The man that history has picked to be Santa in this particular case doesn’t look the part in any obvious way. Senate Majority Leader Harry Reid is a tall, thin Mormon from Nevada, not a stout ruddy deliveryman from north of the Arctic Circle.

But even if Reid was blessed with Santa’s perennially amazing ability to get ready in one month’s time span the wishes and desires of millions upon millions of fervent believers, he still would have a major problem and one that would stump even Santa himself: Reid has to deal with 99 other senators, each of whom thinks he or she should be the one delivering all those goodies, or else be the one who gets to decide who’s naughty and therefore shouldn’t receive anything at all.

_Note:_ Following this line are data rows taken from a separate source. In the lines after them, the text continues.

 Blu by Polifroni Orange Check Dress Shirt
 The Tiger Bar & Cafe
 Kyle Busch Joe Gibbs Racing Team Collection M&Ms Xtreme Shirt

And let’s not forget that within the hallowed chamber of the Senate, like something out of a Dickensian nightmare, reside not one but a whole crowd of Ebenezer Scrooges whose response to Santa’s wanting to brighten the spirits of millions of uninsureds is a resounding “Bah, humbug!”

These Scrooges not only have the ability to drive an entire country full of poor Tiny Tims to distraction, but some are also actively plotting to tie Santa up in knots so badly that there is no chance whatsoever that he will be able to deliver the presents for which so many have been yearning for the last year, if not much, much longer.

The problem for Reid is that if he can’t convince at least 60 of his fellow senators how important it is to get the raw material for the presents out of the storeroom and into the workshop, he’s going to miss the very slim window of opportunity between Congress’s Thanksgiving recess and its Christmas recess. In that case, he’ll never be able to deliver the package to President Obama in time for the holiday celebration.

But almost as daunting as getting the raw materials into the workshop is getting a finished product to put into the sleigh. There are plenty of obstacles and slippery ice every step of the way.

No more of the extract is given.